# Required action:
Nothing but the lines below from the one holding "[アウトレット] [在庫限りのお買い得商品] アドミラル" up to and including the one holding "let's celebrate: Happy" should be copied, exactly and without pictures.

# Task inputs:
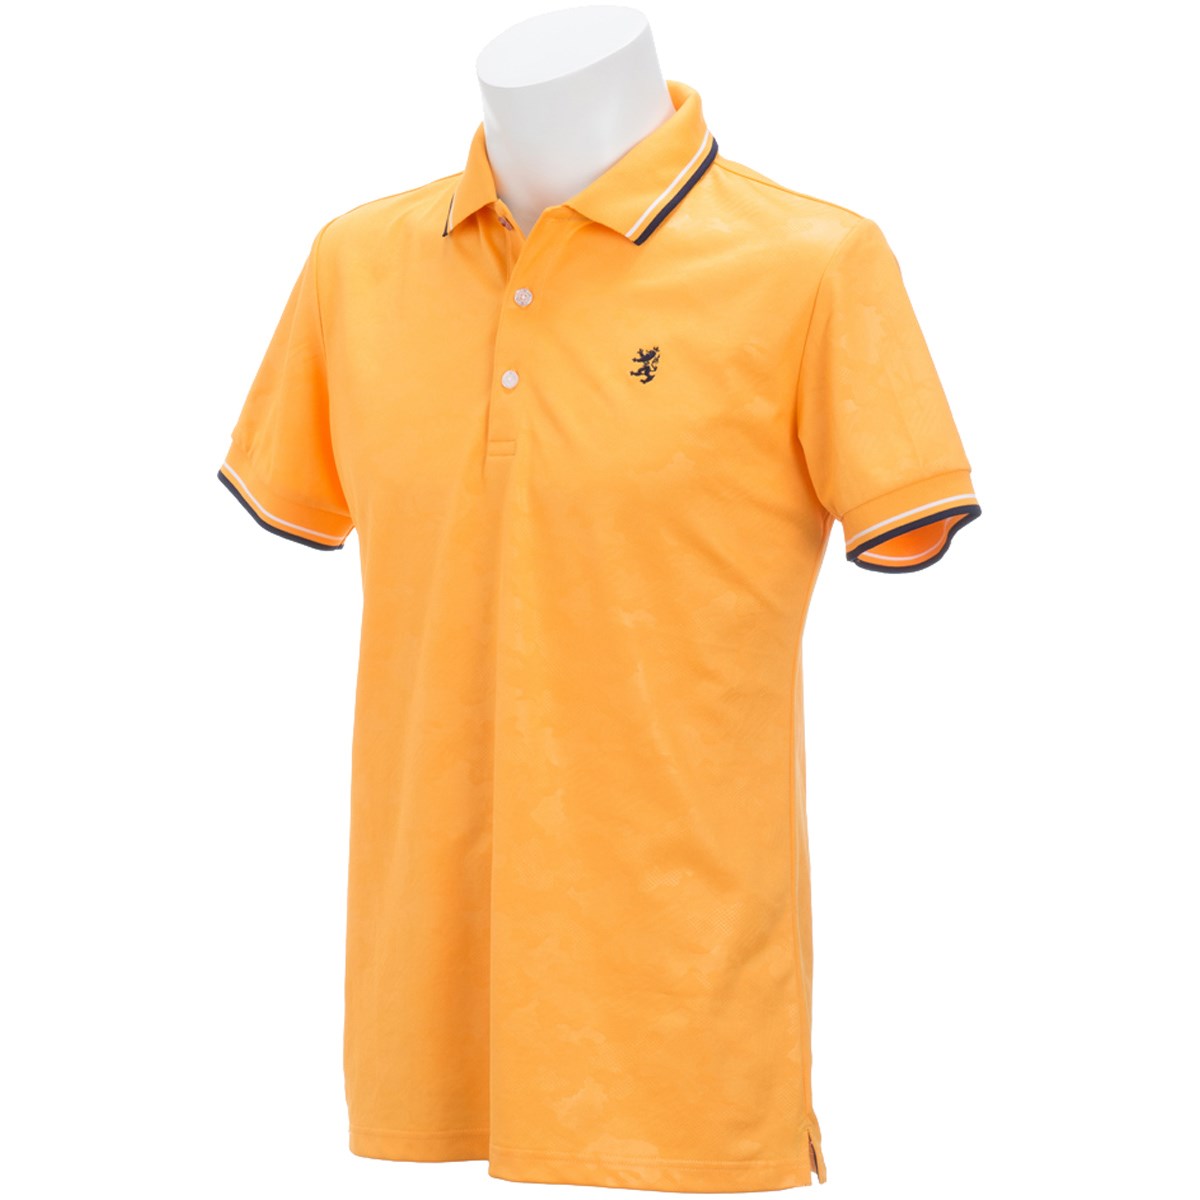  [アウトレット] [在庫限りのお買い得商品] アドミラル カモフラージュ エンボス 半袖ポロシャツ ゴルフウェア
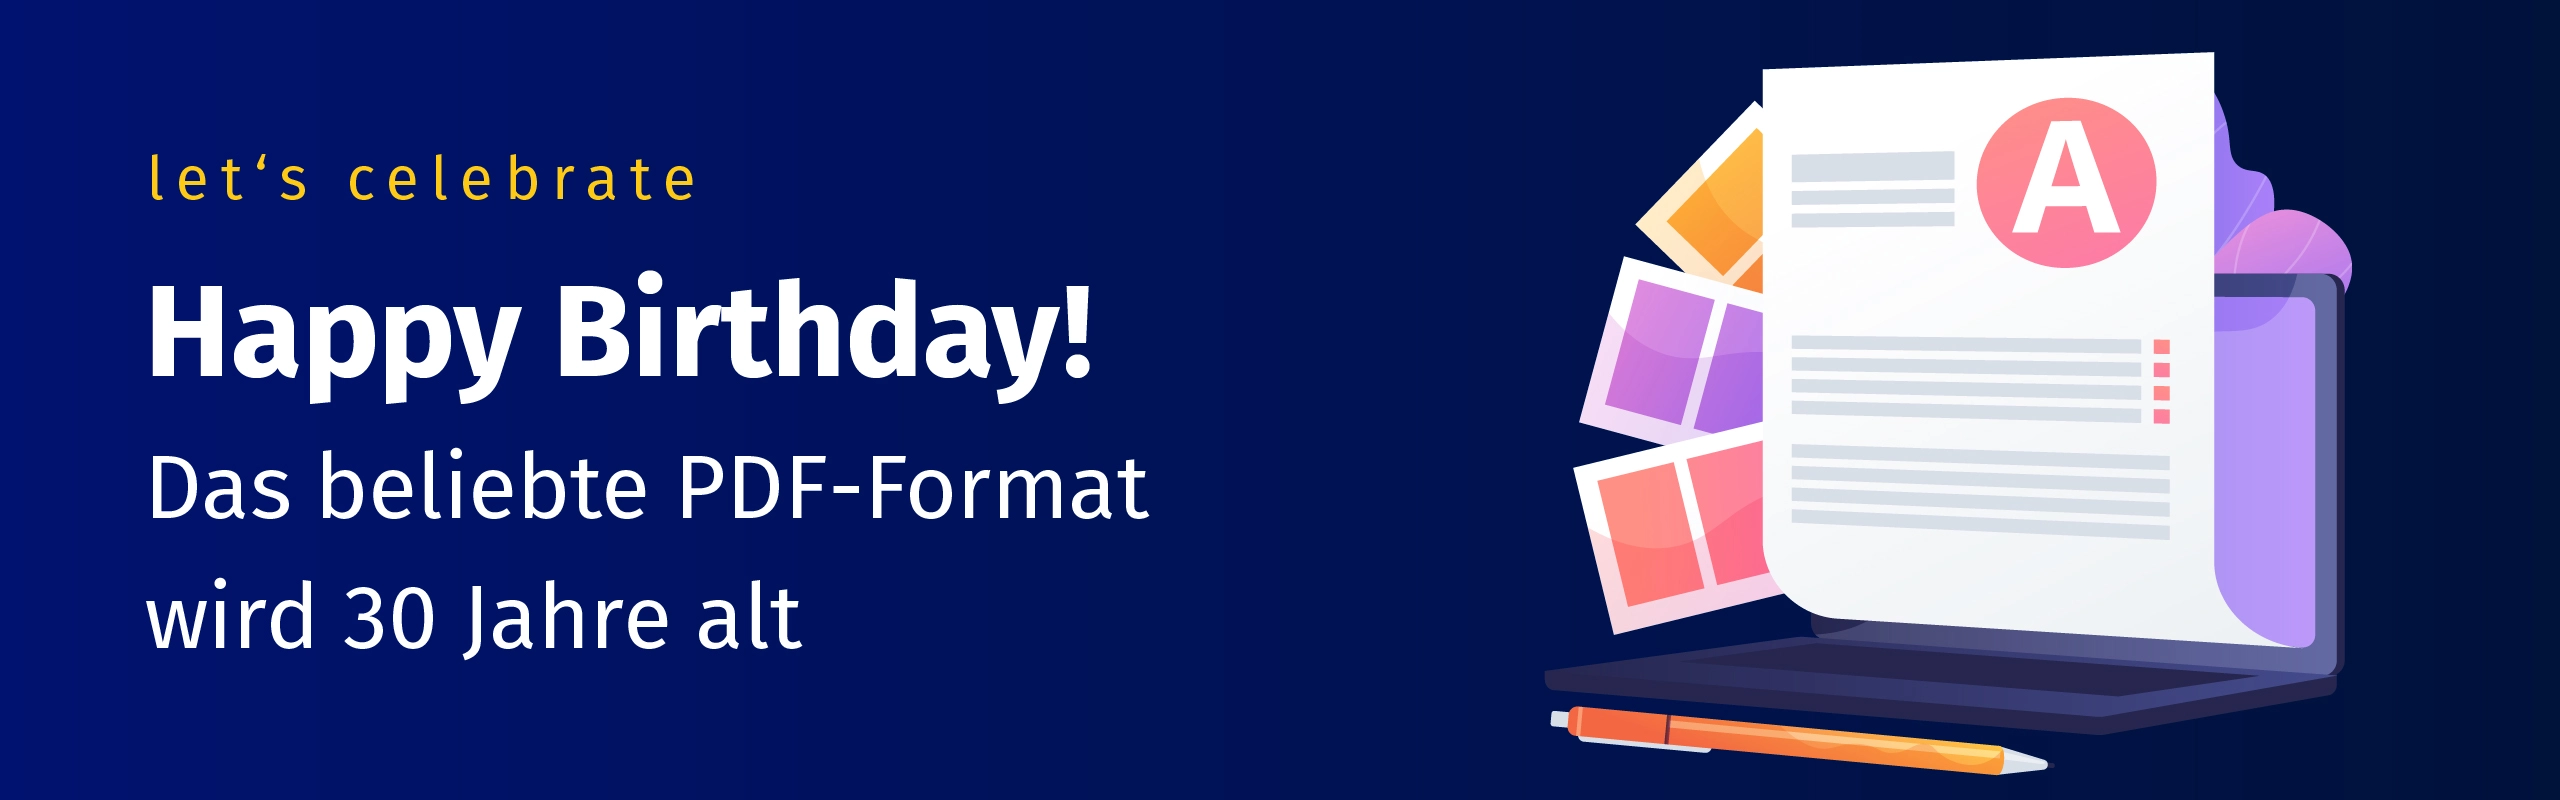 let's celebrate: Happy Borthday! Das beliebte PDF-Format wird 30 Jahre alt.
* * *
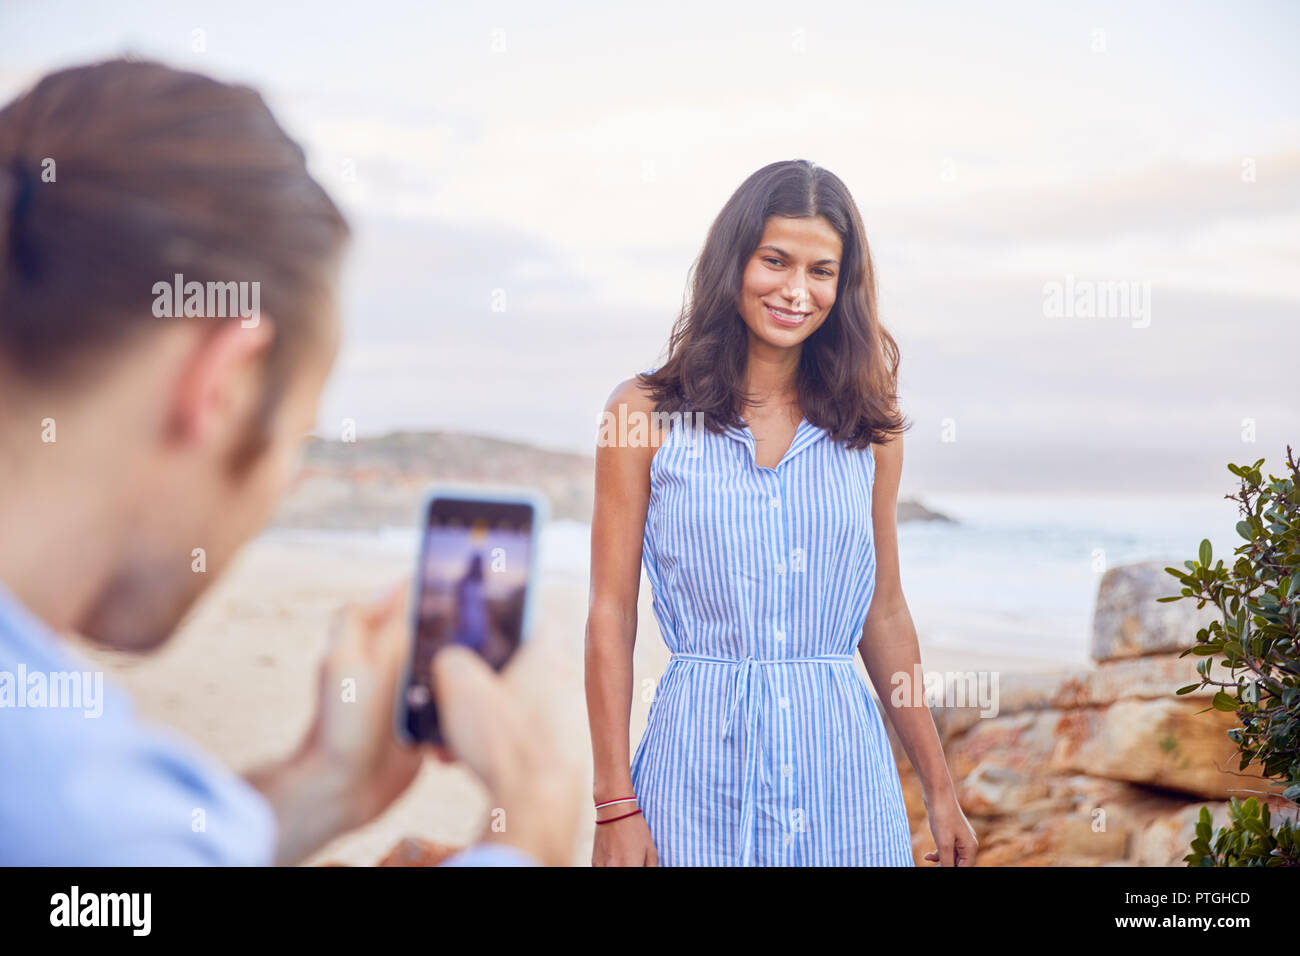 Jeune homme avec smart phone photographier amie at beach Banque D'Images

# Answer to the exercise:
  [アウトレット] [在庫限りのお買い得商品] アドミラル カモフラージュ エンボス 半袖ポロシャツ ゴルフウェア
 let's celebrate: Happy Borthday! Das beliebte PDF-Format wird 30 Jahre alt.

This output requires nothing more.